**Exercise:** Find the line below with "Cassini Diagram No.". Print it and every line after it exactly, through the last line, leaving out the pictures.

**Dataset content:**

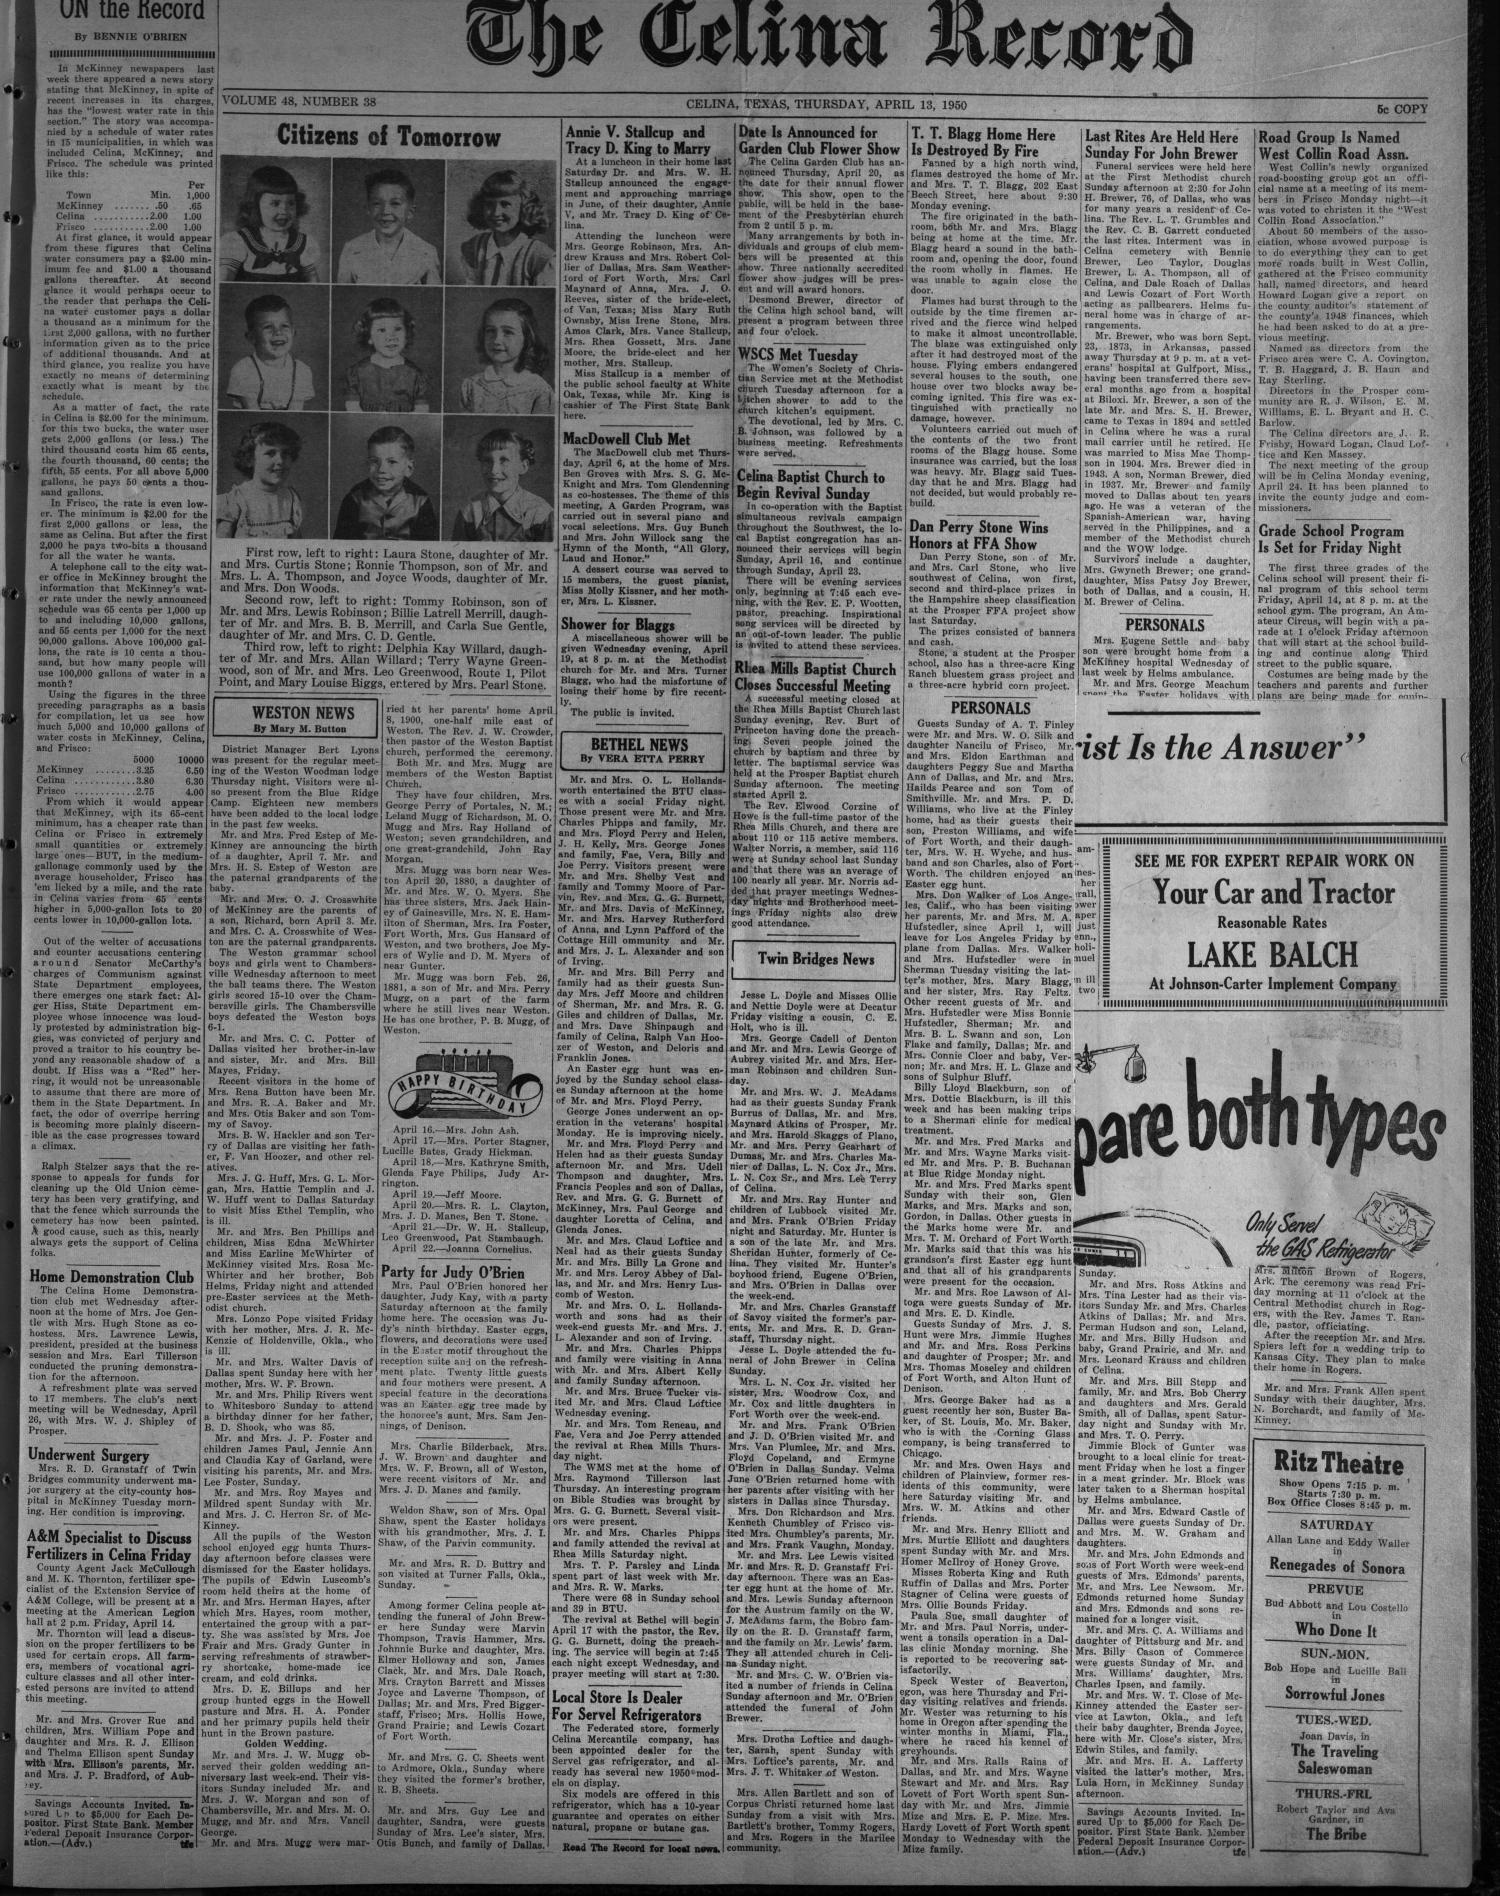 The Celina Record (Celina, Tex.), Vol. 48, No. 38, Ed. 1 Thursday, April 13, 1950 - Page 1 of 4 - The Portal to Texas History
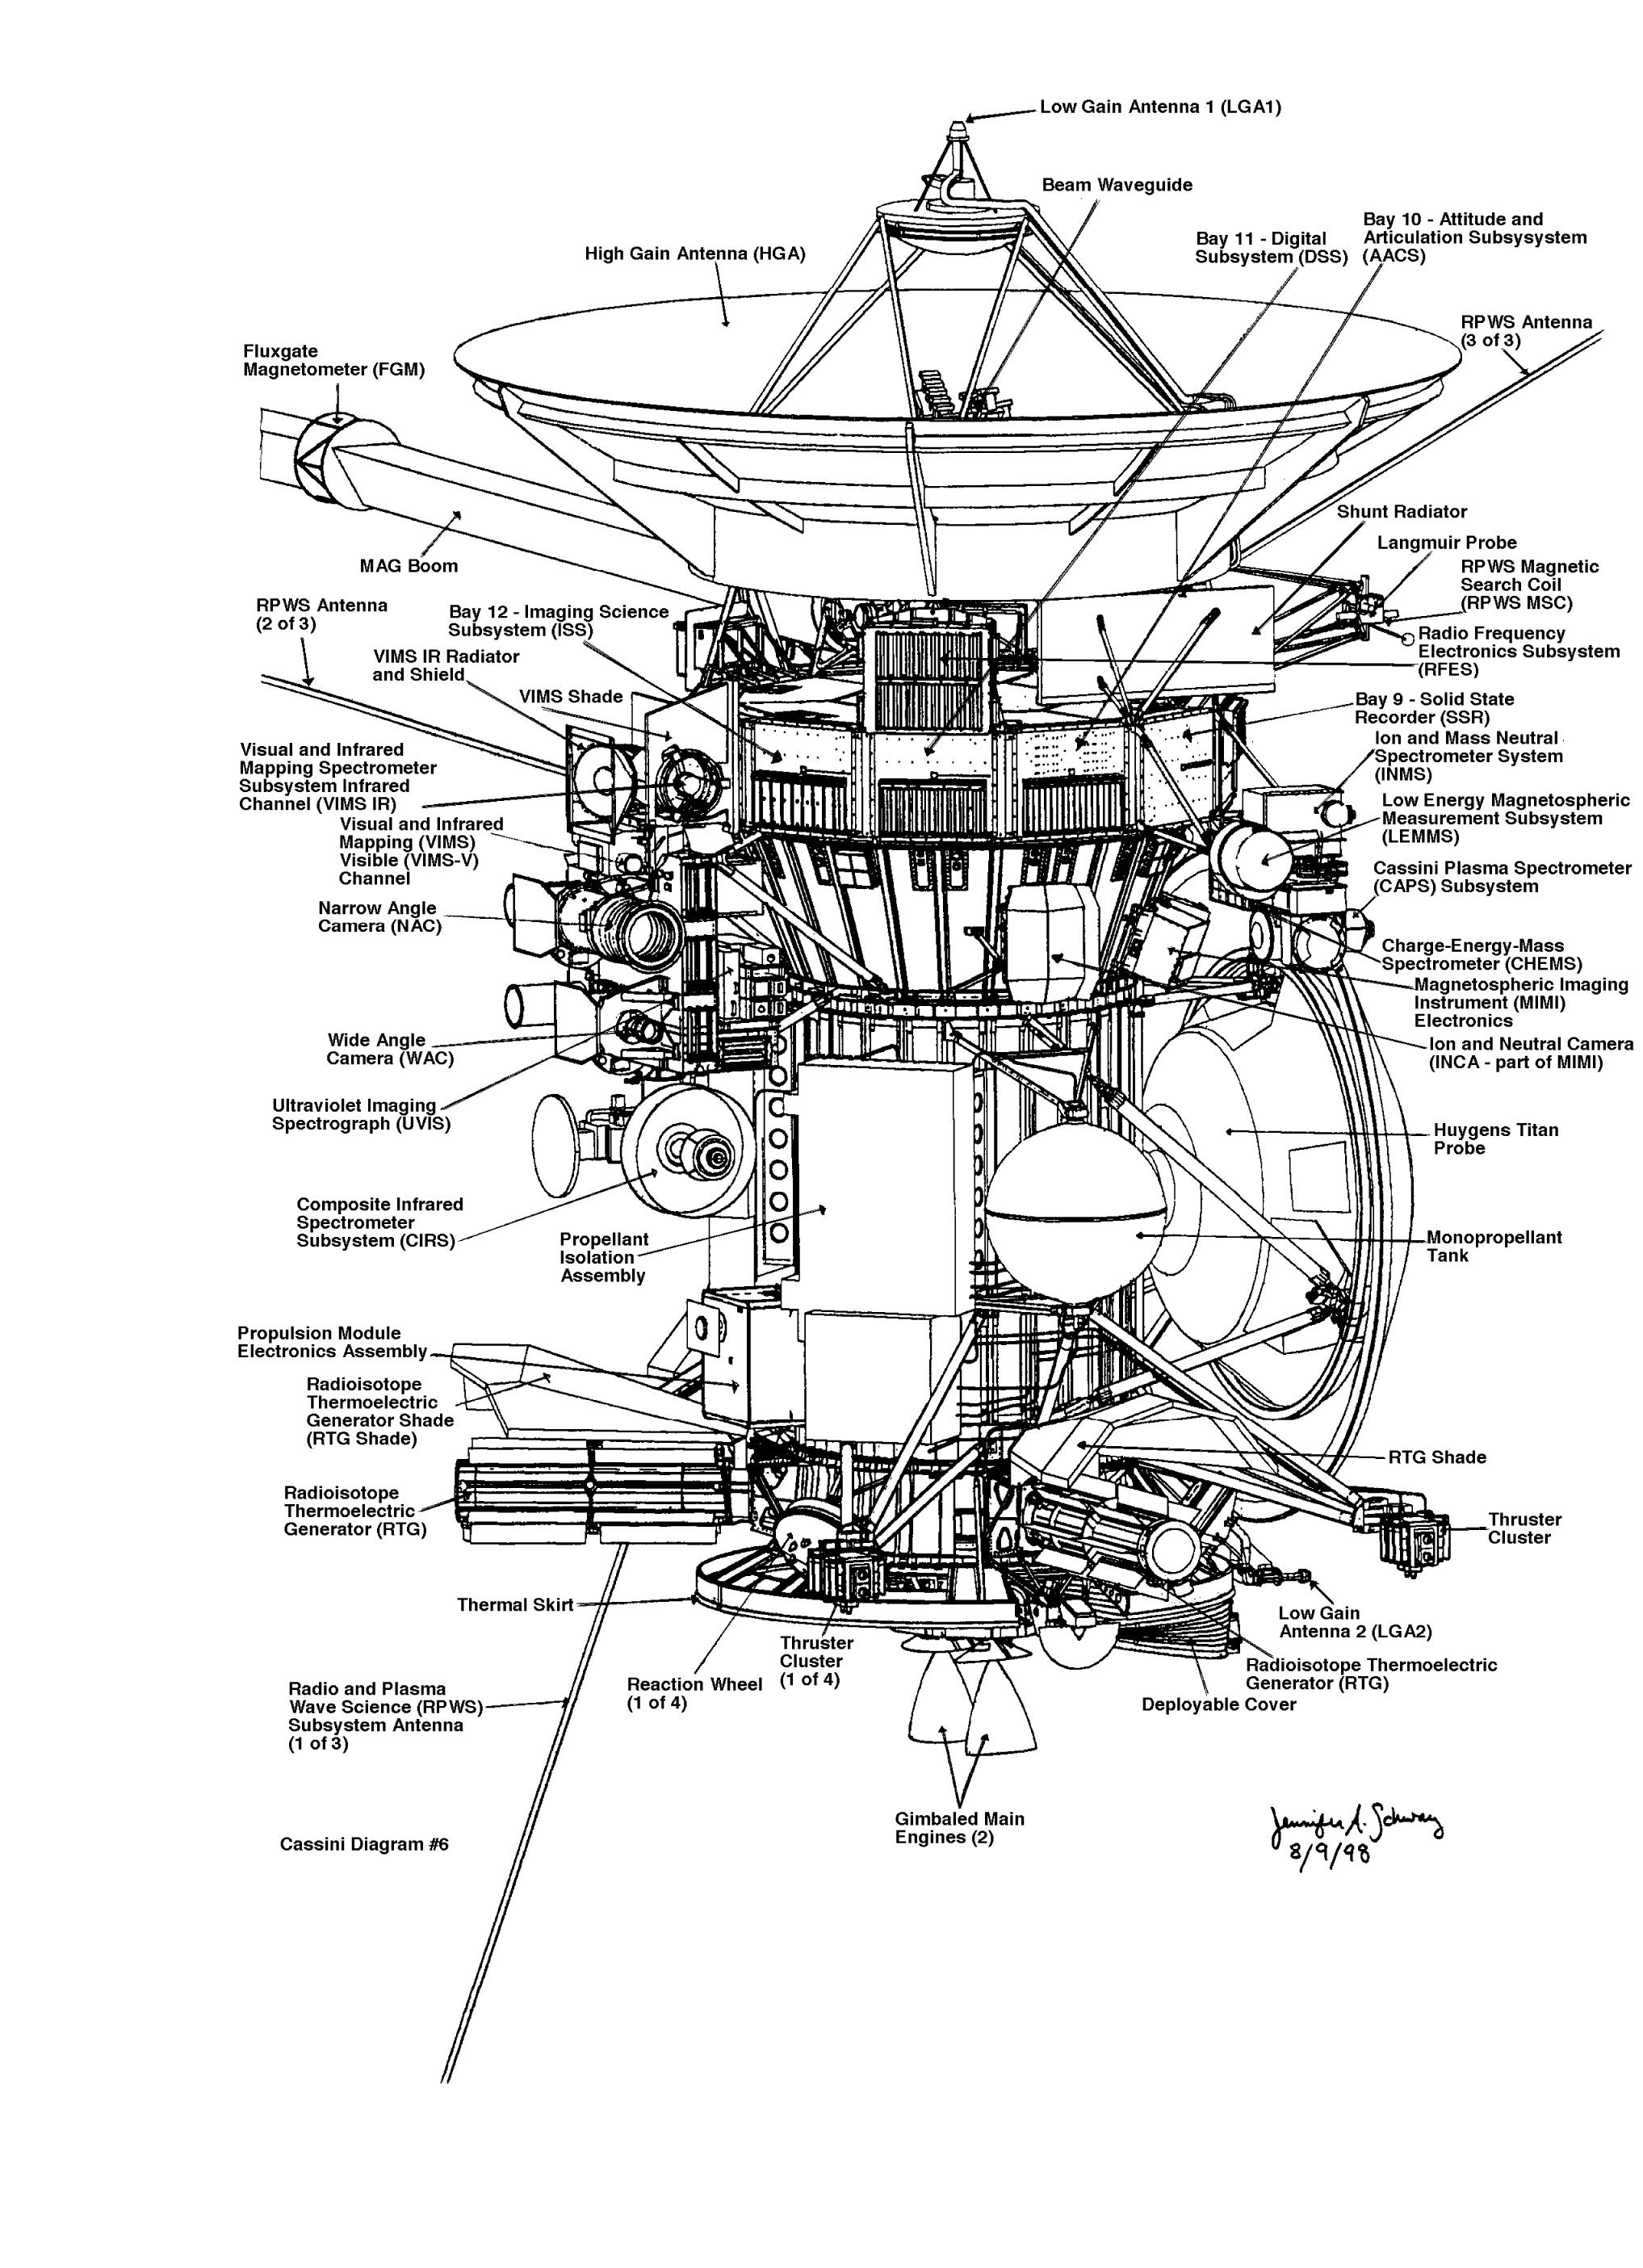 Cassini Diagram No. 6 | Solar System Exploration: NASA Science
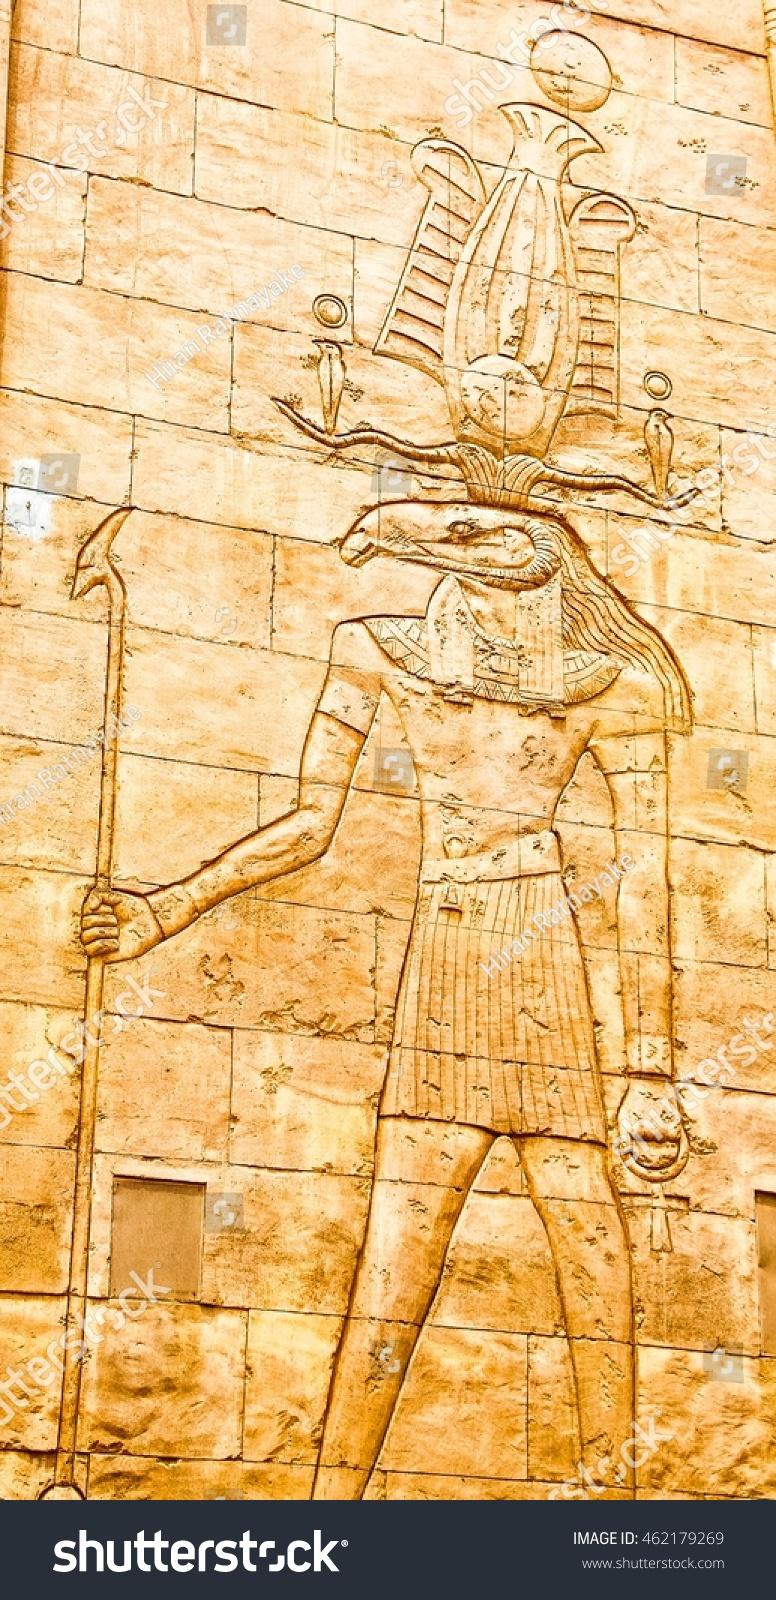 Modern Egyptian Wall Art Adornment - The Wall Art Decorations ...

**Expected answer:**
 Cassini Diagram No. 6 | Solar System Exploration: NASA Science
 Modern Egyptian Wall Art Adornment - The Wall Art Decorations ...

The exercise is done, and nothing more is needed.